Abstract

Compromised bone marrow niches following irradiation limit hematopoietic stem cell transplantation (HSCT) success by delaying immune reconstitution. Strategies to rebuild functional marrow environments are essential to support hematopoietic stem cell (HSC) maintenance. However, the fundamental relationship between bone formation and bone marrow niche development, and how these processes are modulated by key biological variables, remains poorly understood. Here, we present an alginate-gelatin cryogel platform that provides sustained BMP-2 release for ectopic osteogenesis and use it to systematically investigate the effects of BMP-2 dose, host immune status, and biological sex.

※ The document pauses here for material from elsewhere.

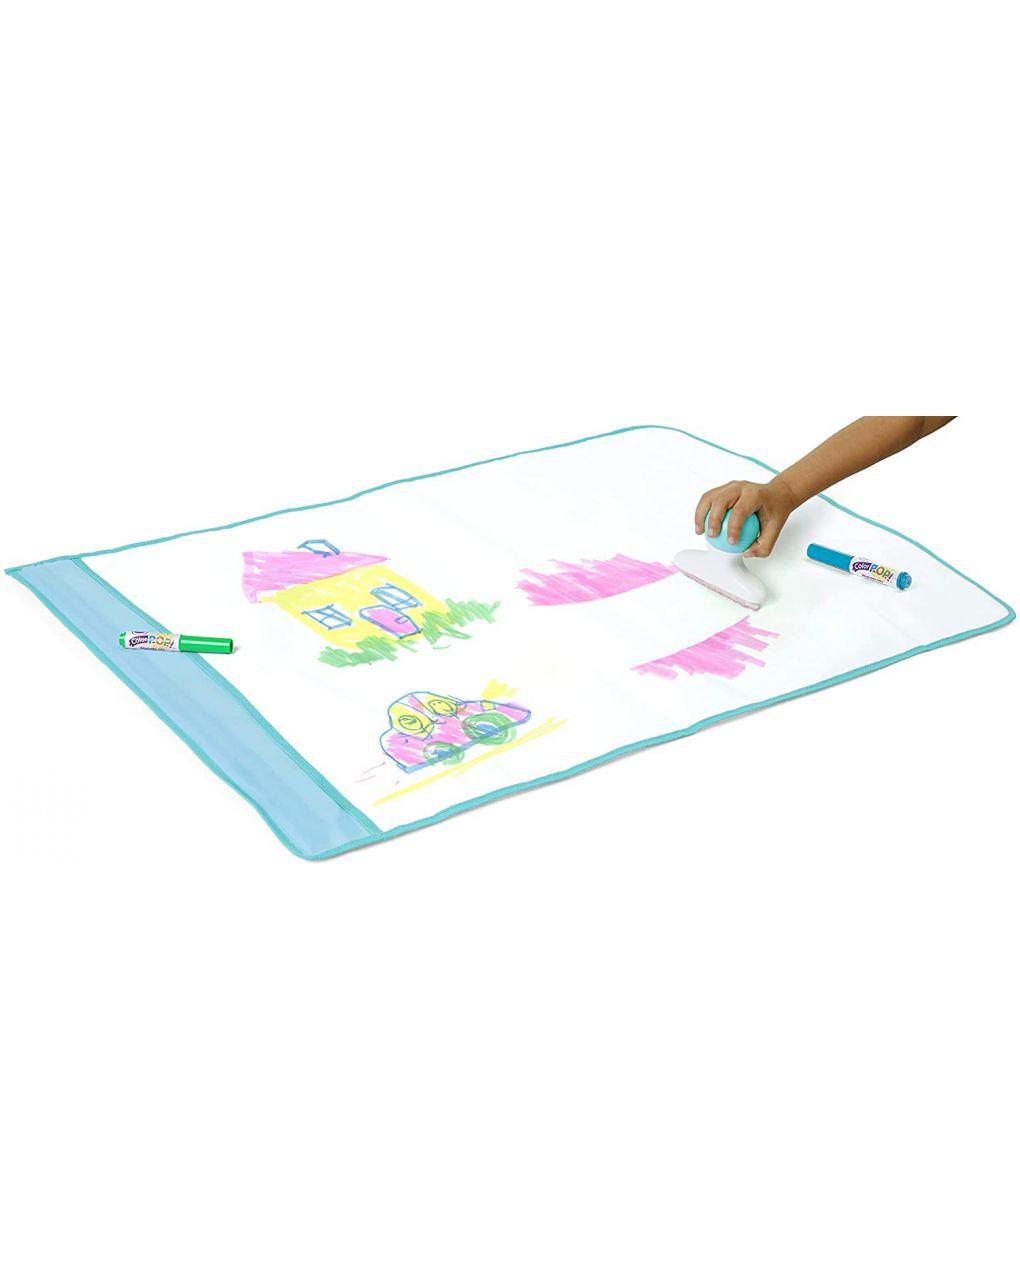 Crayola - tapete para colorir e recolorir - Crayola

Within 2-4 weeks, the cryogels supported the formation of a cortical bone shell and an internal trabecular bone network populated by hematopoietic tissue. Increasing the BMP-2 dose accelerated mineralization and doubled the resident HSC population, whereas immunocompromised hosts displayed a two-week delay in niche development and a fourfold reduction in HSCs. Female mice exhibited enhanced niche formation relative to males under identical conditions. These findings establish BMP-2-releasing hybrid click cryogels as a tunable bone marrow niche platform and highlight how host- and dose-dependent parameters modulate engineered niche formation, providing insights that may inform future strategies to improve immune reconstitution following HSCT.